In an era of 300 channels, NBC might have more history than any channel save two others, but its best days are so clearly over. It’s difficult to forget that sight-gag on Family Guy in which NBC headquarters proclaims on its sign “We Used To Have Seinfeld, Remember?”

Like the other networks, only moreso, NBC has moved into the world of pay cable. NBCUniversal owns CNBC, MSNBC, USA, Bravo, Syfy, Cloo, Chiller, and Telemundo. It has large stakes in AMC, A&E, the History Channel, the Biography Channel, and National Geographic. This list doesn’t even include the overseas networks which NBC manages or the fact that NBC has a large share in TiVo.

NBC clearly understands that the name of today’s broadcasting is ‘niche’ – and there should be a niche for every taste and every demographic. But they still don’t understand well enough. Like any network, they are principally committed to preserving the dominance of their once ‘august’ brand – and will not preserve a show on their flagship network if it does not recoup a certain amount above the expenses it takes to make the show - how very 1985.

The rumors were abounding last week that NBC is cancelling its Thursday night lineup almost wholesale. For longer than I’ve been alive, Thursday night’s been the lynchpin of NBC television. But there’s something about the very idea of dominating a night of television that feels utterly old-fashioned. Nobody wants to dominate a TV night anymore, nobody who’s living in 2012 at least. At this point, sensible executives just want enough viewers to derive a reasonably large demographic against 300 other competitors. Anyone executive who sets out to make a TV show watched even by a quarter of those who watched Seinfeld every week is a guaranteed failure. The most watched non-reality TV show of the last year was NCIS, and it was watched by a weekly average of 11.6 million people.
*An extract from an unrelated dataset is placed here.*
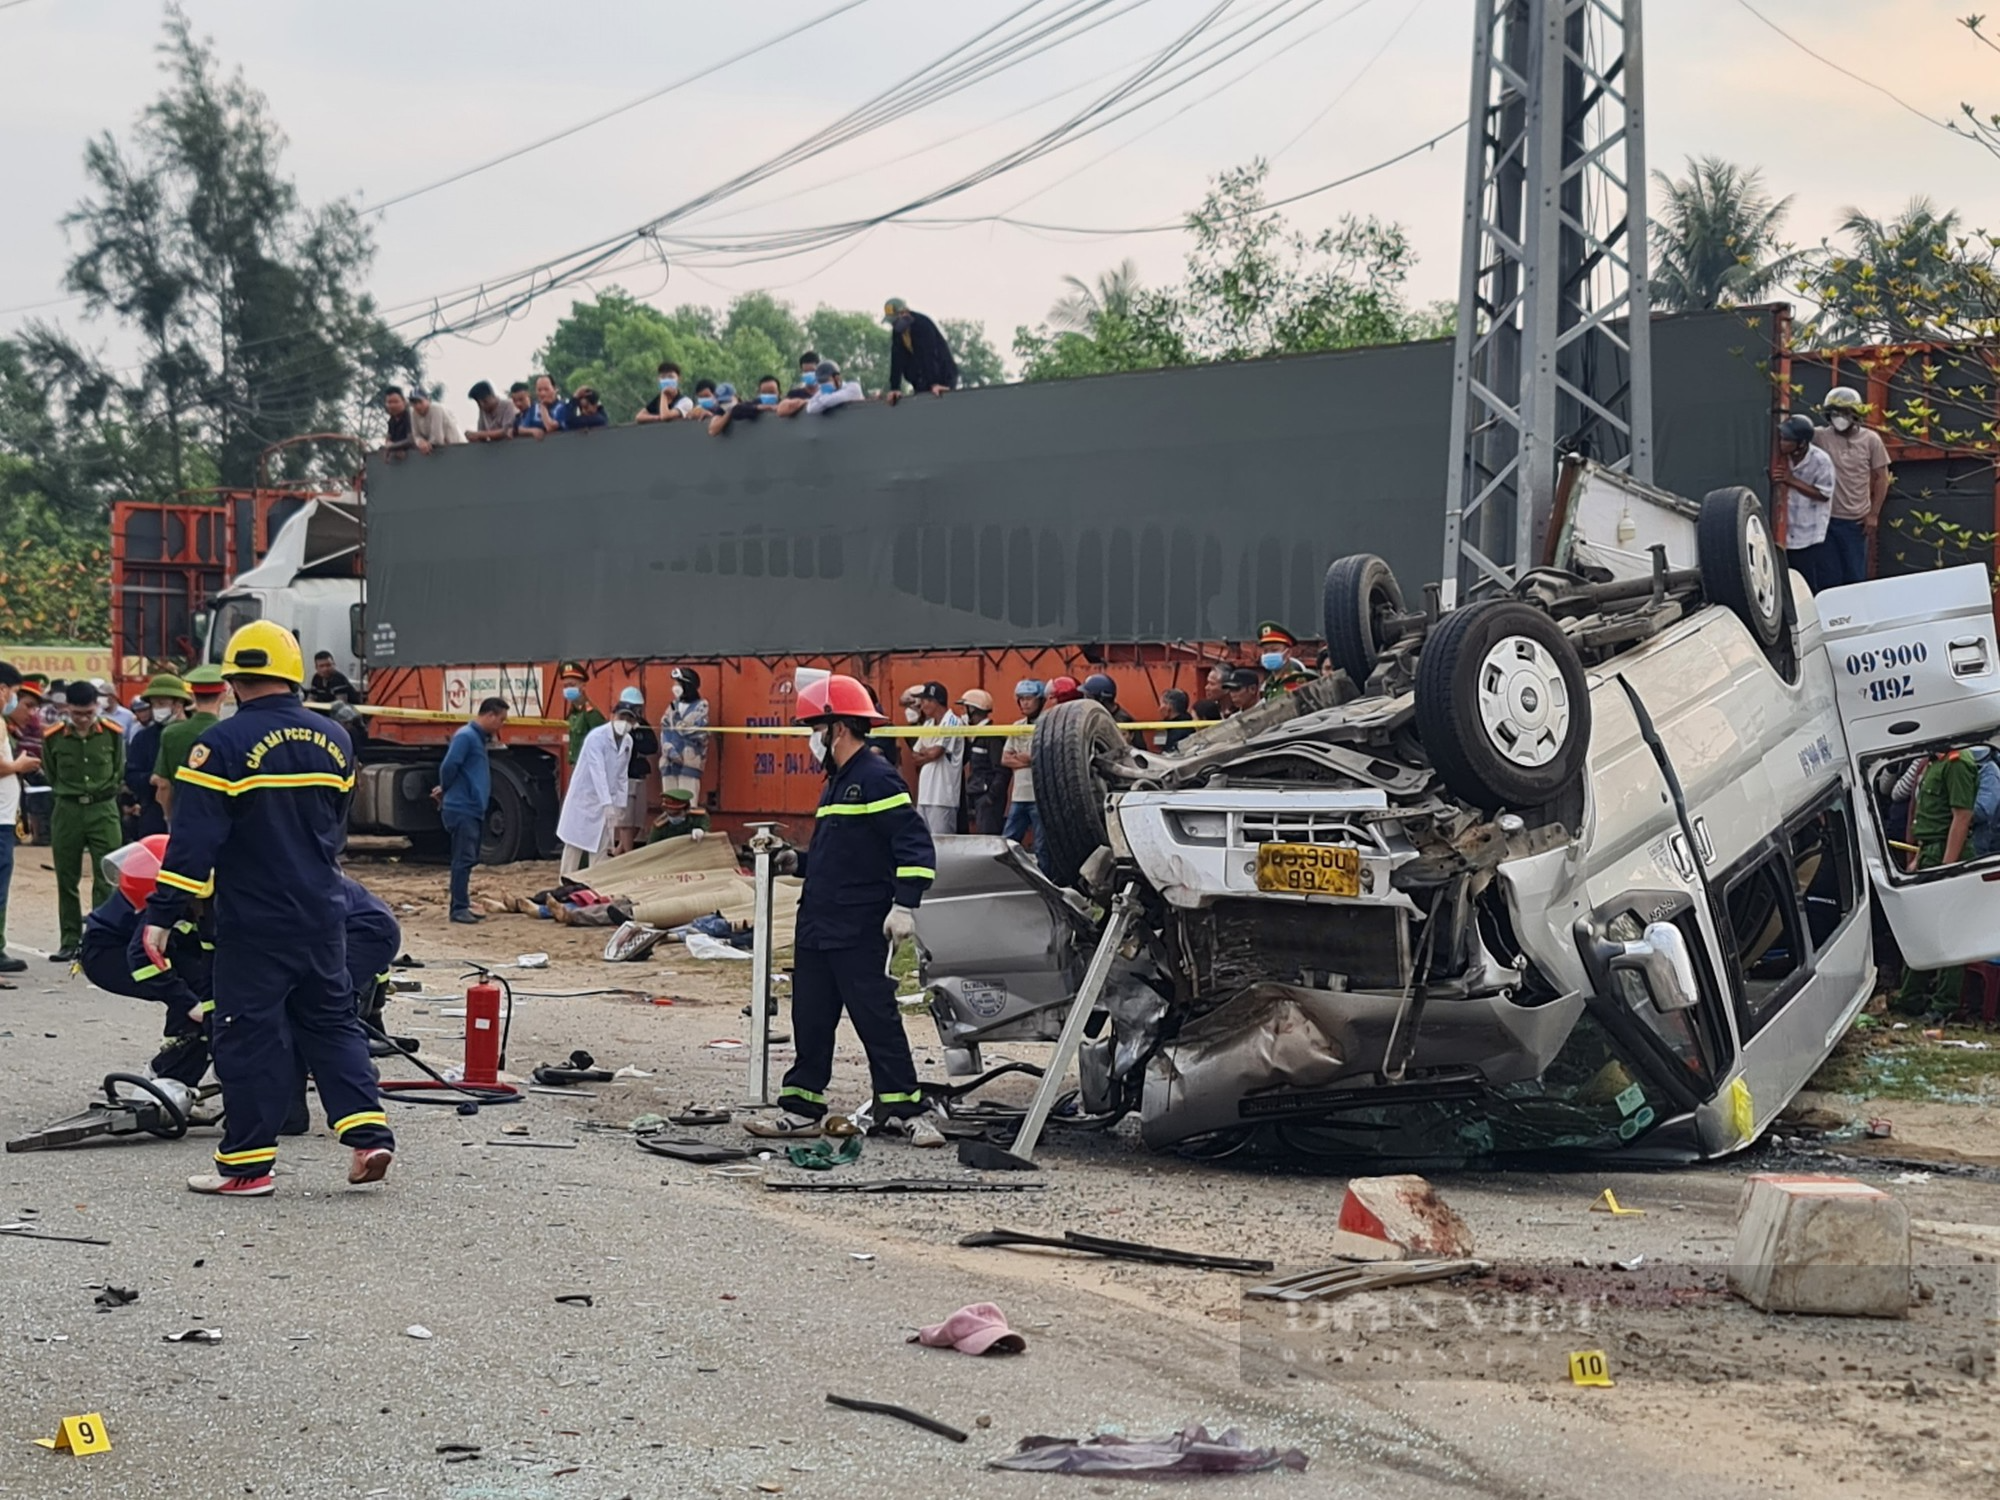 Quảng Nam sẽ “họp khẩn” tìm nguyên nhân sau 2 vụ tai nạn nghiêm trọng làm 13 người tử vong - Ảnh 4.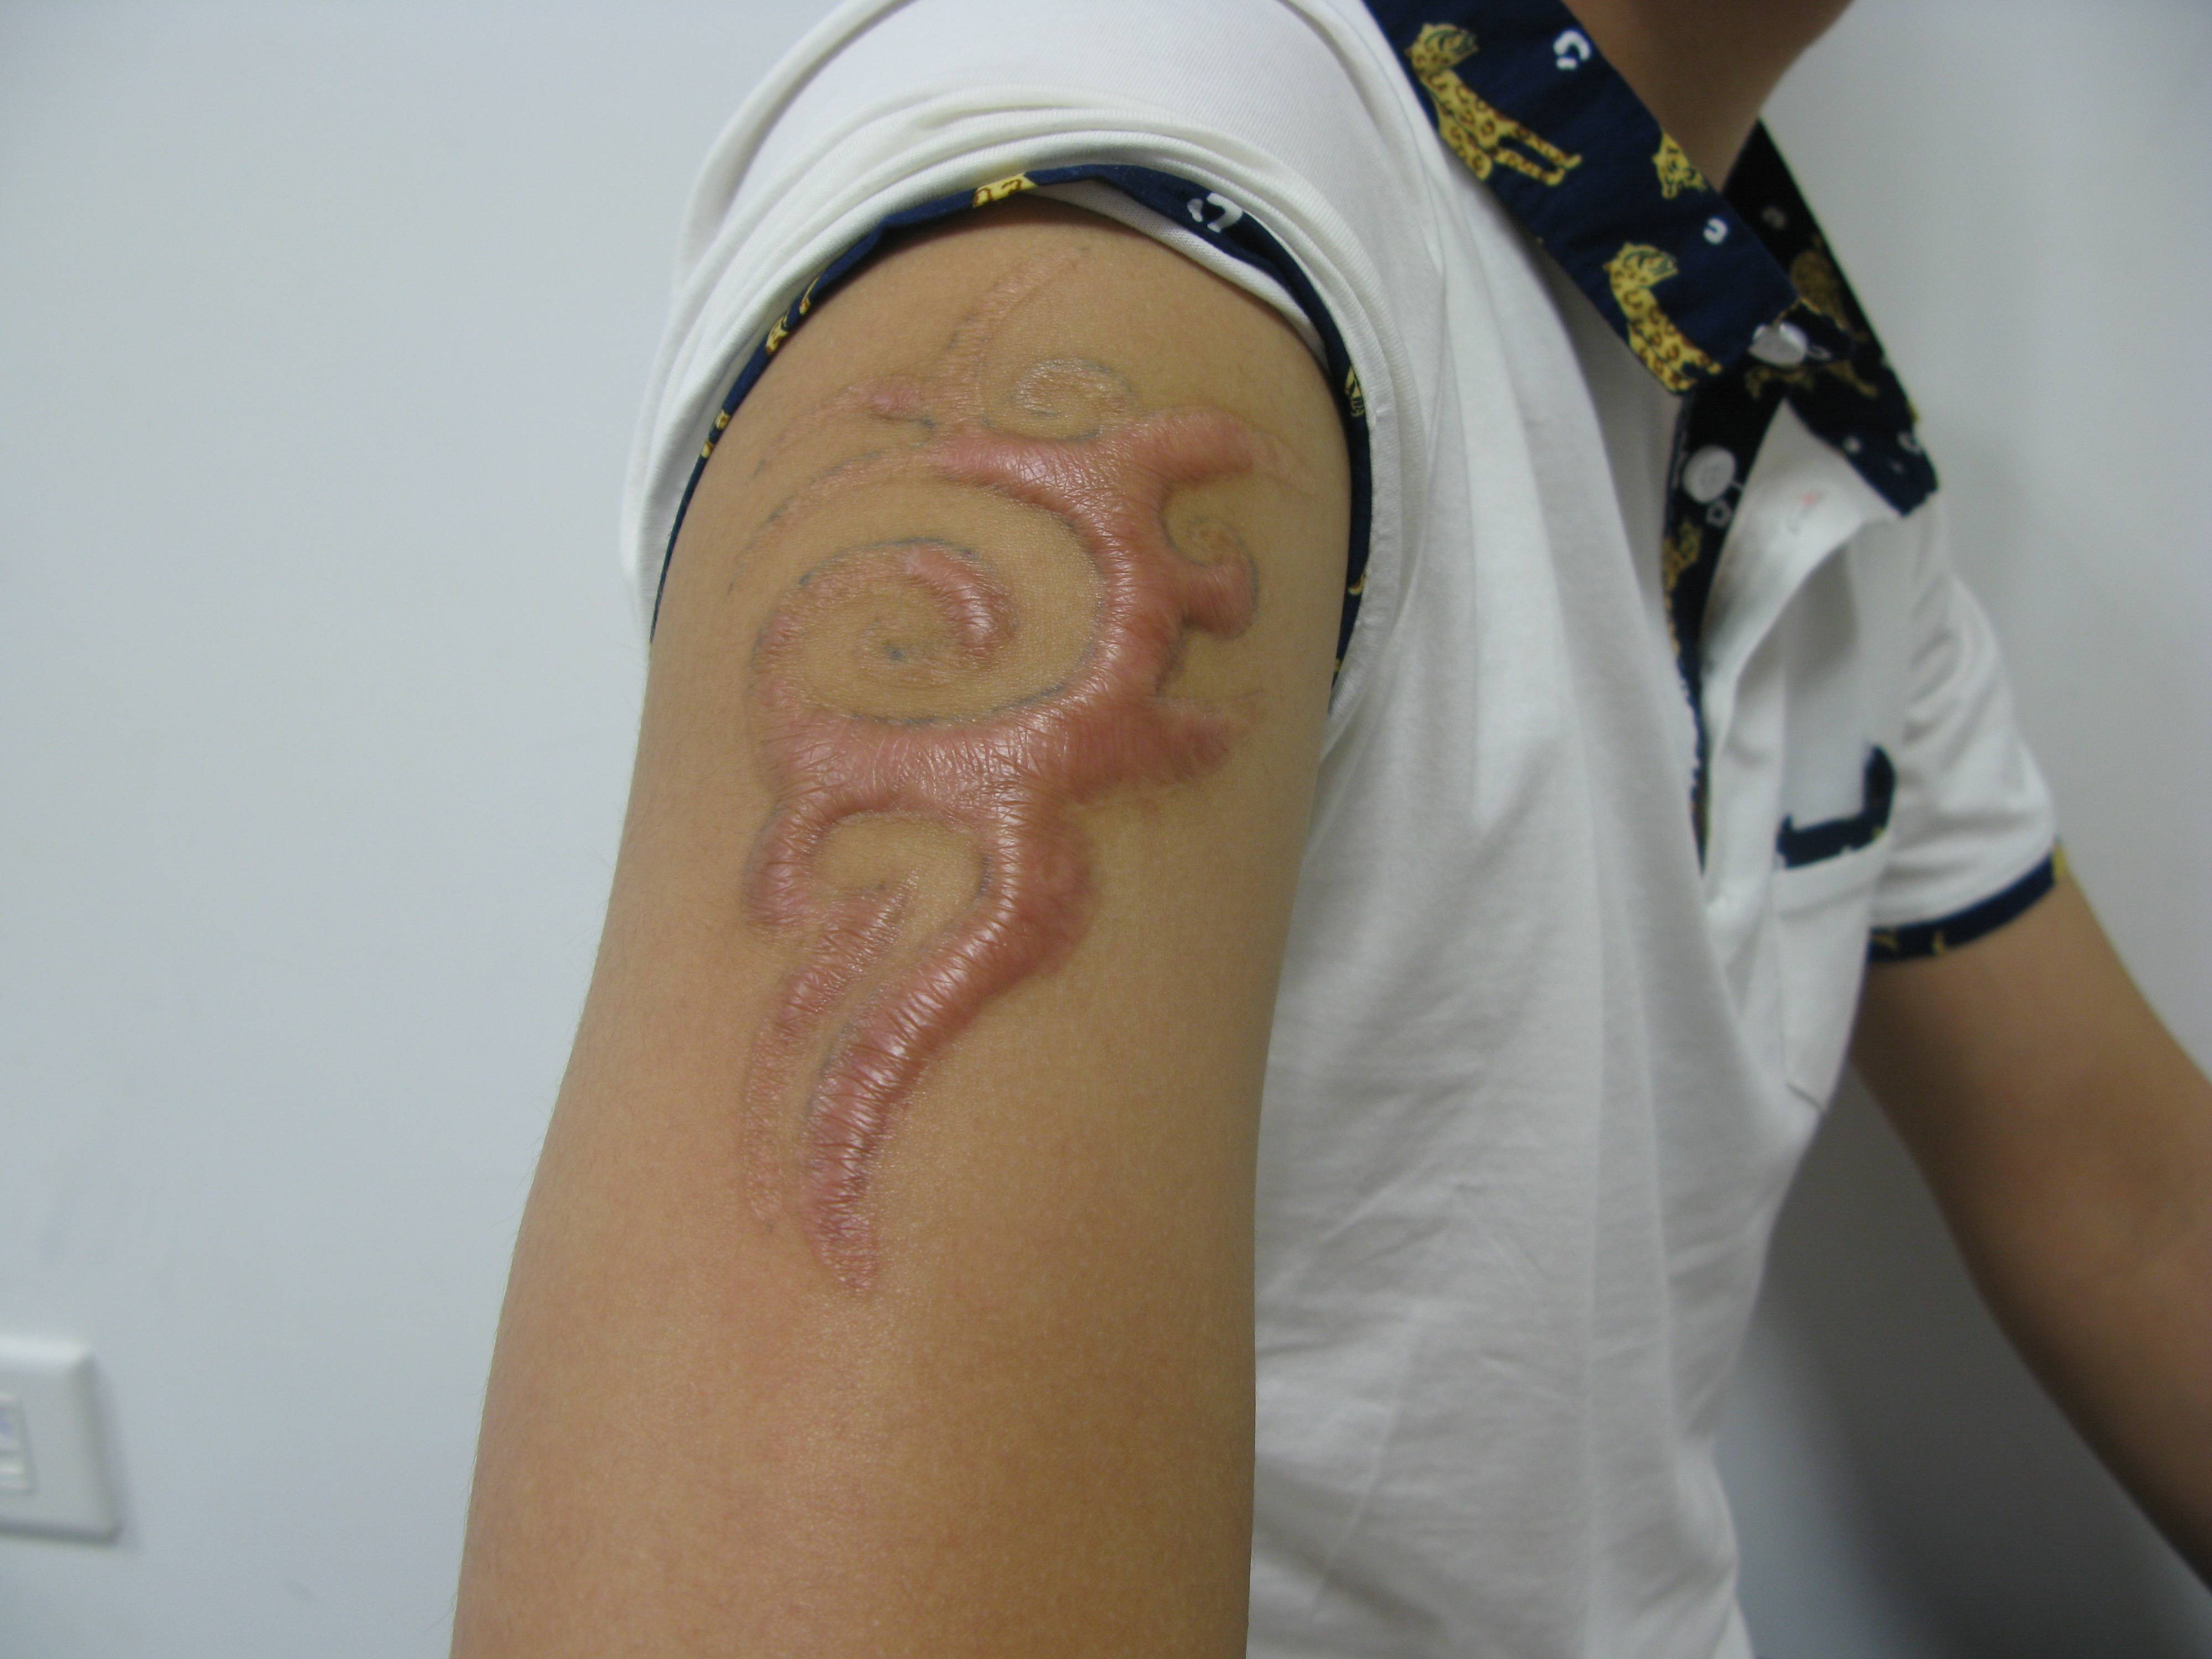 郑州市第二中医院:纹身覆盖疤痕有哪些风险?

Desperate Housewives, one of the highest rated shows of the last decade, will air its final episode this Sunday, and will be considered a stunning surprise if it rakes in anywhere near 15 million viewers. Let’s put that in a bit of context. Nearly ten years ago, the Friends series finale attracted more than 50 million viewers. Nearly fifteen years ago, the Seinfeld series finale attracted almost 75 million viewers (and was expected to attract a lot more than that). Nearly twenty years ago, the Cheers series finale attracted almost 85 million viewers. Nearly thirty years ago, the M*A*S*H series finale attracted more than 100 million viewers.

The age when any network or channel could coast on the strength of a single show is over and will never come back. In today’s TVcology, there is only competition – and even the highest rated shows can only appeal to a severely limited demographic. No two people watch all the same television shows anymore.